Sunday, June 25, 2023

School Board Employs Catch and Kill Tactic to Quash Transgender Recognition

 Another Pride Month Passes With No Action:

Steve Dain Field Turns Into a Field of Dreams For Seekers of Social Justice

School Board Says NO to Naming Athletic Field for Fired 

Transgender Teacher

The Emery Unified School District Board of Trustees, desiring to stop a growing community movement to name the athletic field at the Center of Community Life school campus for its deceased transgender teacher, Steve Dain, engaged in a ‘catch and kill’ program to neutralize the community's action the Tattler has learned.  The community quest to posthumously honor the teacher the district fired for “immorality” in the 1970s, was siloed by the Board via use of a bogus committee set up ostensibly by the Board to “investigate” naming the field after Mr Dain.  The so called Naming Committee has not met even once since its chartering in April 2021 and the Board refuses to say if it will ever meet.

Emery School Board Member
John Van Geffen

Not fond of 'Steve Dain Field'
or Steve Dain anything for that
matter, he says there's no reason
for the Naming Committee to meet.
His Board colleagues agree.
Transgender community members and their allies, having been placated by the Board's sanctimoniously claimed interest in naming the field for Steve Dain, have since wound down and dispersed, satisfied with the promise of non-biased decision making by the Board's new committee.  The community was unaware but the dispersion and tamping down of their passion was likely the Board's whole idea of the pushing the Steve Dain Field concept into the wilderness.


The Board was caught off guard in 2019 amid a rising community groundswell to name the gym at the school campus after Mr Dain who was a popular PE teacher at Emery before he was fired for transitioning to a man in 1976.  All but one Board member, the president, were against Steve Dain Gymnasium and countering the groundswell, the Board threw the decision over to parents at Emery who refused to name the gym after a transgender person, naming it instead after a non-trans retired PE teacher.  The parents gave the Board cover to anoint the 'Elio Abrami Gym' instead of Steve Dain Gym.  

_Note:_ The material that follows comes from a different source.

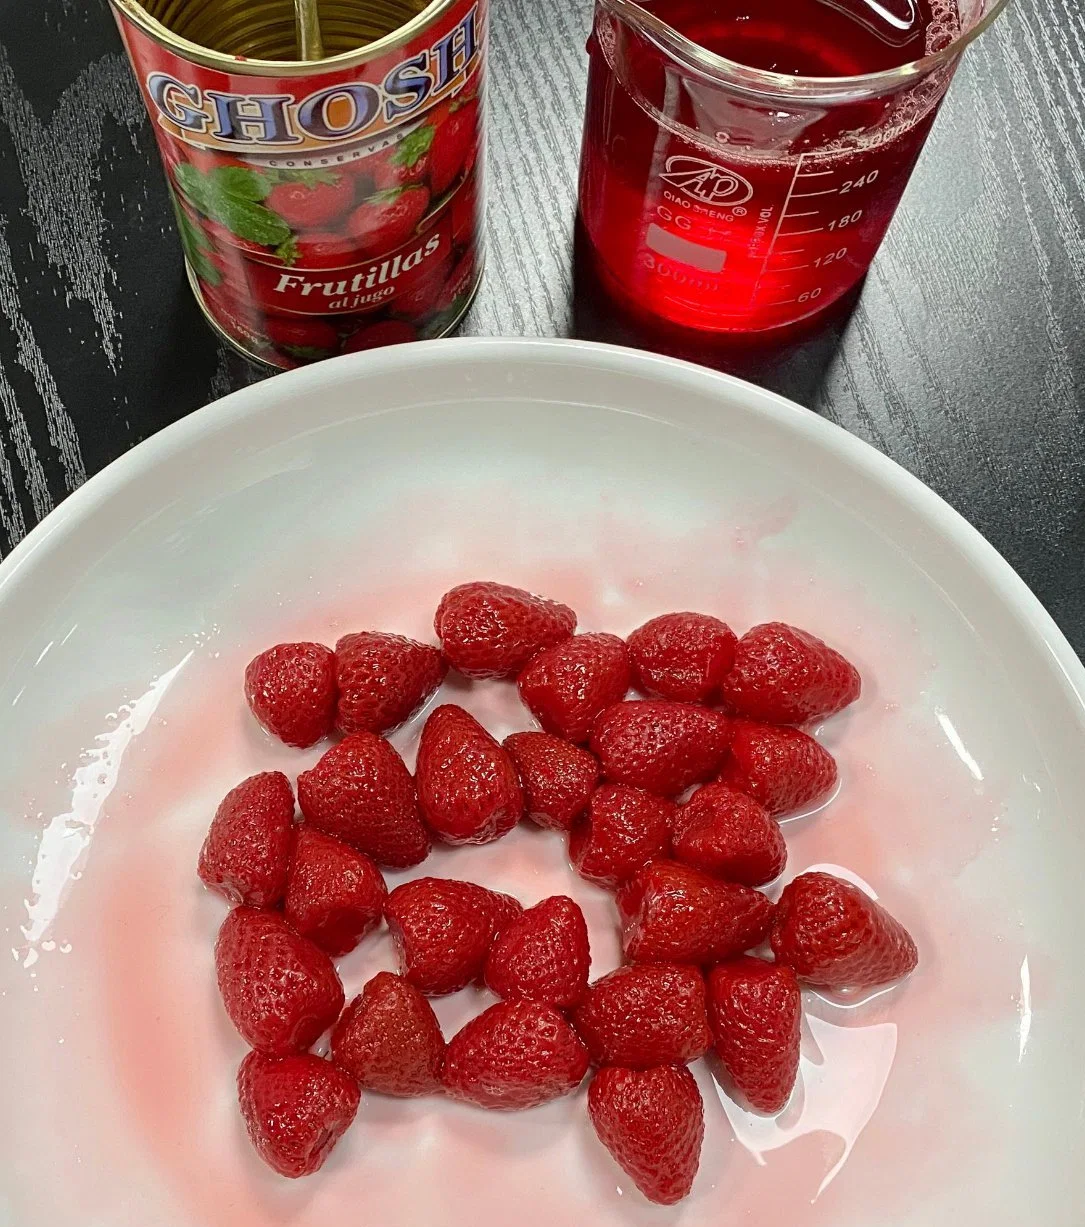 China Health Food Canned Strawberry in Syrup

The cynicism of that Board move may have gotten them out of the publicly uncomfortable position of having to go on record as having voted NO to Steve Dain Gym but it came at a cost.  Board president Barbara Inch, the only supporter of Mr Dain on the Board, resigned from the Board in protest.  Watching from the sidelines and alarmed by the Board's Abrami gambit, the City Council responded by renaming 47th Street, the street address of the School District, 'Steve Dain Drive' in March 2021 by fiat.

The result of the first use of catch and kill by the
Board (to stop the Steve Dain Gym movement).

Catch and kill’ is a term used by right wing media to stop stories they don’t like.  Readers may remember how David Pecker, the CEO of the National Inquirer, a strong supporter of candidate Donald Trump in 2016, paid Playboy centerfold Karen McDougal $150,000 for exclusive publishing rights to her story about her affair with Trump.  After getting her assurance she would not tell her story to any other media before the 2016 election, the National Inquirer then refused to post the story they paid for, thereby killing it to help Trump's election chances.  It was a tactic useful to Donald Trump then and to the School Board at Emery now.

In 2021, the Board said its new Naming Committee would meet on a strictly ad hoc basis, meaning only when there’s a ‘need’ to meet.  Not seeing a need to meet after assuring the social justice seeking community the issue would be taken up by the Committee, the community’s Steve Dain Field request has been quietly erased by the Board.

Board member John Van Geffen, whom the Board appointed as the Naming Committee Chair, was contacted for this story but he refused to comment.  

Steve Dain Field (except for anti-trans bigotry at Emery)
Community members who want to see the arc of the moral universe bend toward justice will
have to wait longer for the School Board at Emery Unified School District to imagine equality.